Total number of 32B data sectors in read requests.

TCC_WRITE_SECTORS

Total number of 32B data sectors in write requests.

TCC_ATOMIC_SECTORS

Total number of 32B data sectors in atomic requests.

TCC_BYPASS_REQ

Number of bypass requests. This is measured at the tag block.

TCC_LATENCY_FIFO_FULL

Number of cycles when the latency FIFO is full.

TCC_SRC_FIFO_FULL

Number of cycles when the SRC FIFO is assumed to be full as measured at the IB block.

TCC_EA0_RDREQ_64B

Number of 64-byte TCC/EA read requests.

TCC_EA0_RDREQ_128B

Number of 128-byte TCC/EA read requests.

TCC_IB_REQ

Number of requests through the IB. This measures the number of raw requests from graphics clients to this TCC.

TCC_IB_STALL

Number of cycles when the IB output is stalled.

TCC_EA0_WRREQ_WRITE_DRAM

Number of TCC/EA write requests (32-byte or 64-byte) destined for DRAM (MC).

TCC_EA0_WRREQ_ATOMIC_DRAM

Number of TCC/EA atomic requests (32-byte or 64-byte) destined for DRAM (MC).

TCC_EA0_RDREQ_DRAM_32B

Number of 32-byte TCC/EA read requests due to DRAM traffic. One 64-byte request is counted as two and one 128-byte as four.

TCC_EA0_RDREQ_GMI_32B

Number of 32-byte TCC/EA read requests due to GMI traffic. One 64-byte request is counted as two and one 128-byte as four.

TCC_EA0_RDREQ_IO_32B

Number of 32-byte TCC/EA read requests due to IO traffic. One 64-byte request is counted as two and one 128-byte as four.

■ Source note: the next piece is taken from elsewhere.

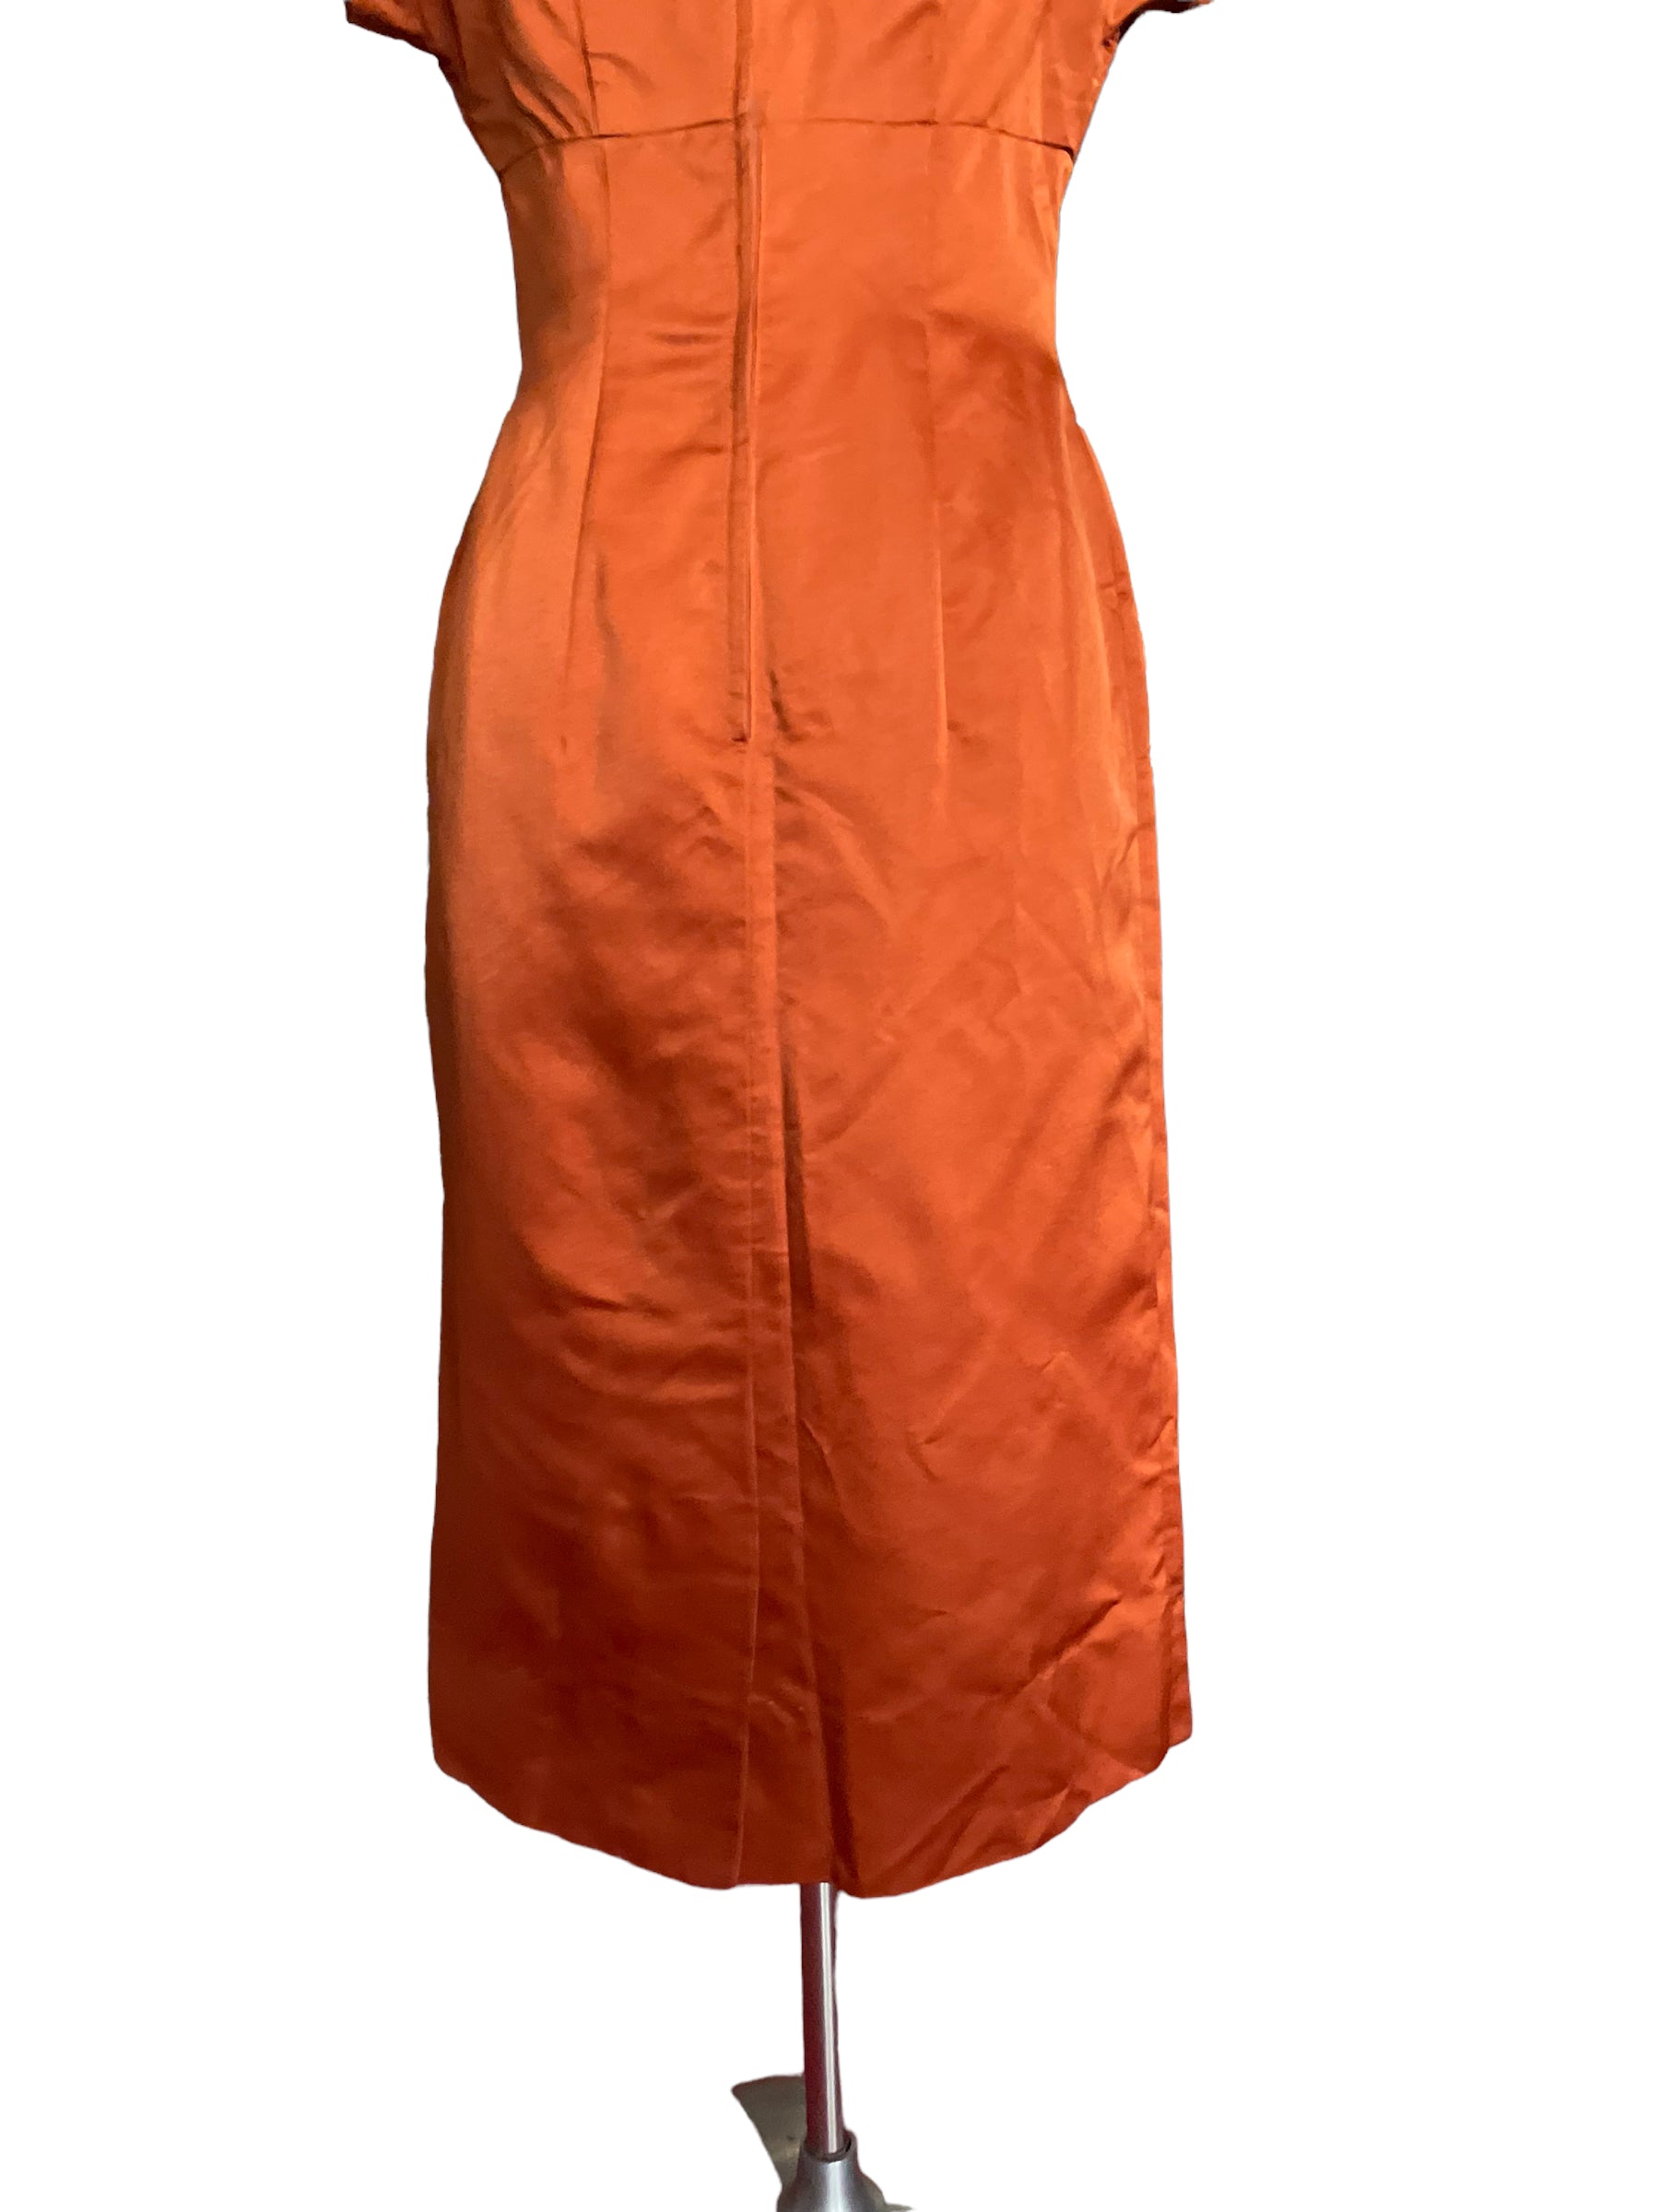 Back skirt view of Vintage 1950s Burnt Orange Silk Dress SZ M

TCC_EA0_WRREQ_WRITE_DRAM_32B

Number of 32-byte TCC/EA write requests due to DRAM traffic. One 64-byte request is counted as two.

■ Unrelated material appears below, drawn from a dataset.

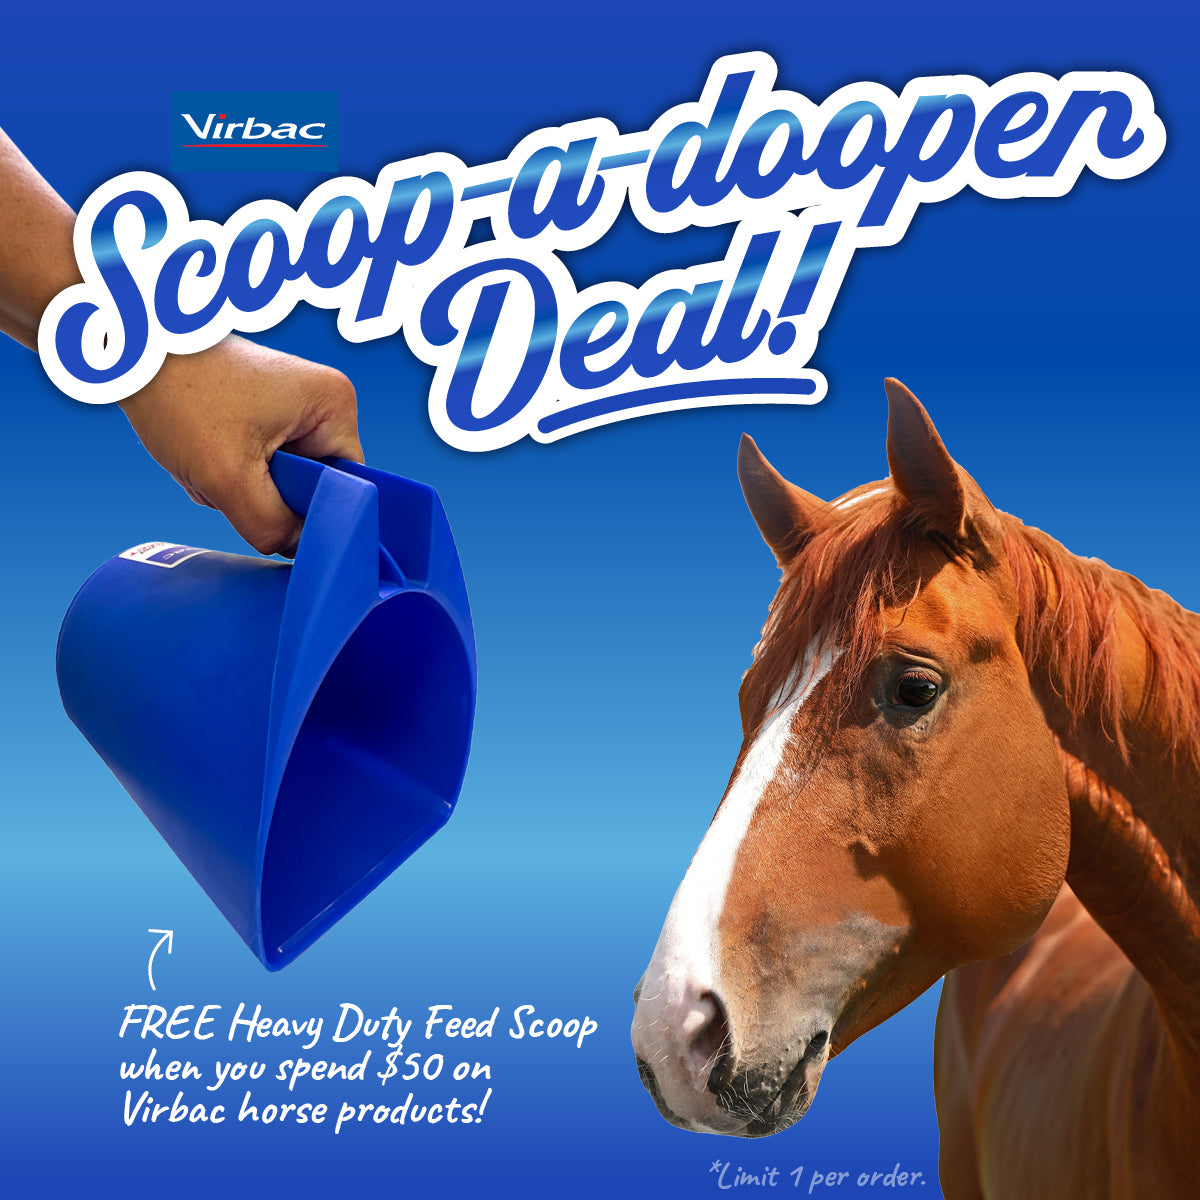 Virbac Scoop-a-dooper Feed Scoop

TCC_EA0_WRREQ_ATOMIC_DRAM_32B

Number of 32-byte TCC/EA atomic requests due to DRAM traffic. One 64-byte request is counted as two.

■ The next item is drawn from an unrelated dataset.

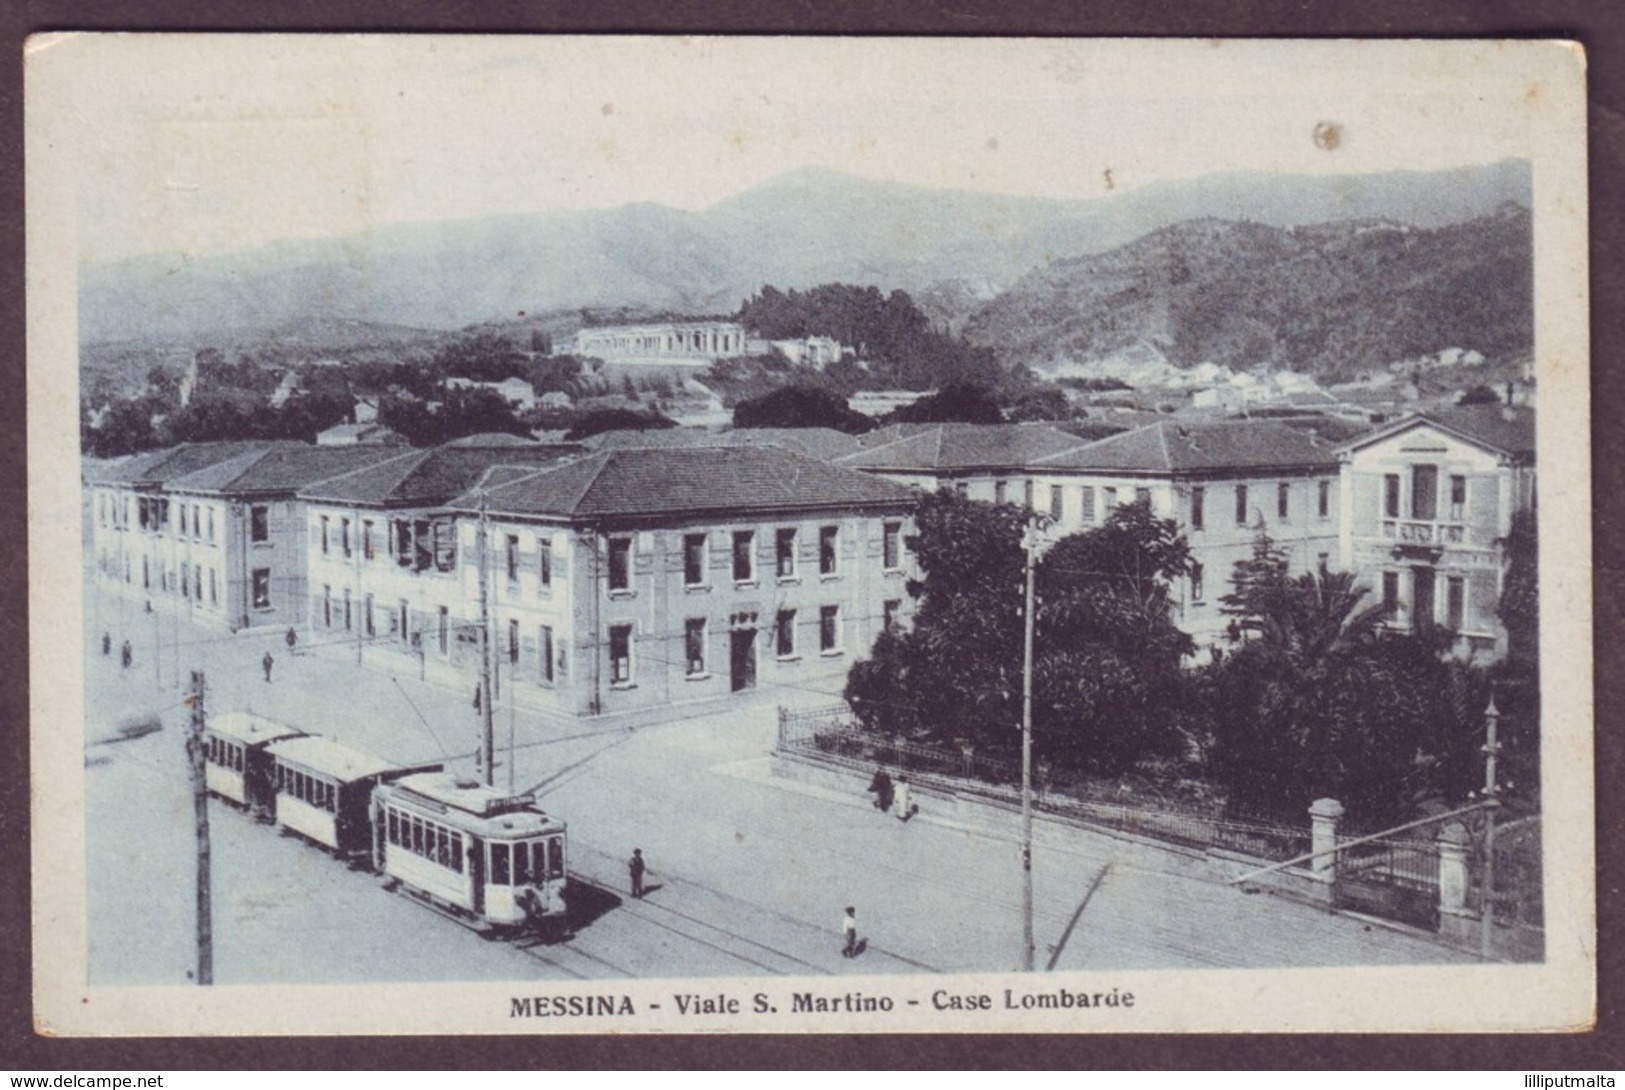 1920s Messina Italy Postcard Showing Viale S Martino – Case Lombarde Italia Cartolina Sicilia Sicily - Messina

TCC_EA0_WRREQ_WRITE_GMI_32B

Number of 32-byte TCC/EA write requests due to GMI traffic. One 64-byte request is counted as two.

TCC_EA0_WRREQ_ATOMIC_GMI_32B

Number of 32-byte TCC/EA atomic requests due to GMI traffic. One 64-byte request is counted as two.

TCC_EA0_WRREQ_WRITE_IO_32B

Number of 32-byte TCC/EA write requests due to IO traffic. One 64-byte request is counted as two.

TCC_EA0_WRREQ_ATOMIC_IO_32B

Number of 32-byte TCC/EA atomic requests due to IO traffic. One 64-byte request is counted as two.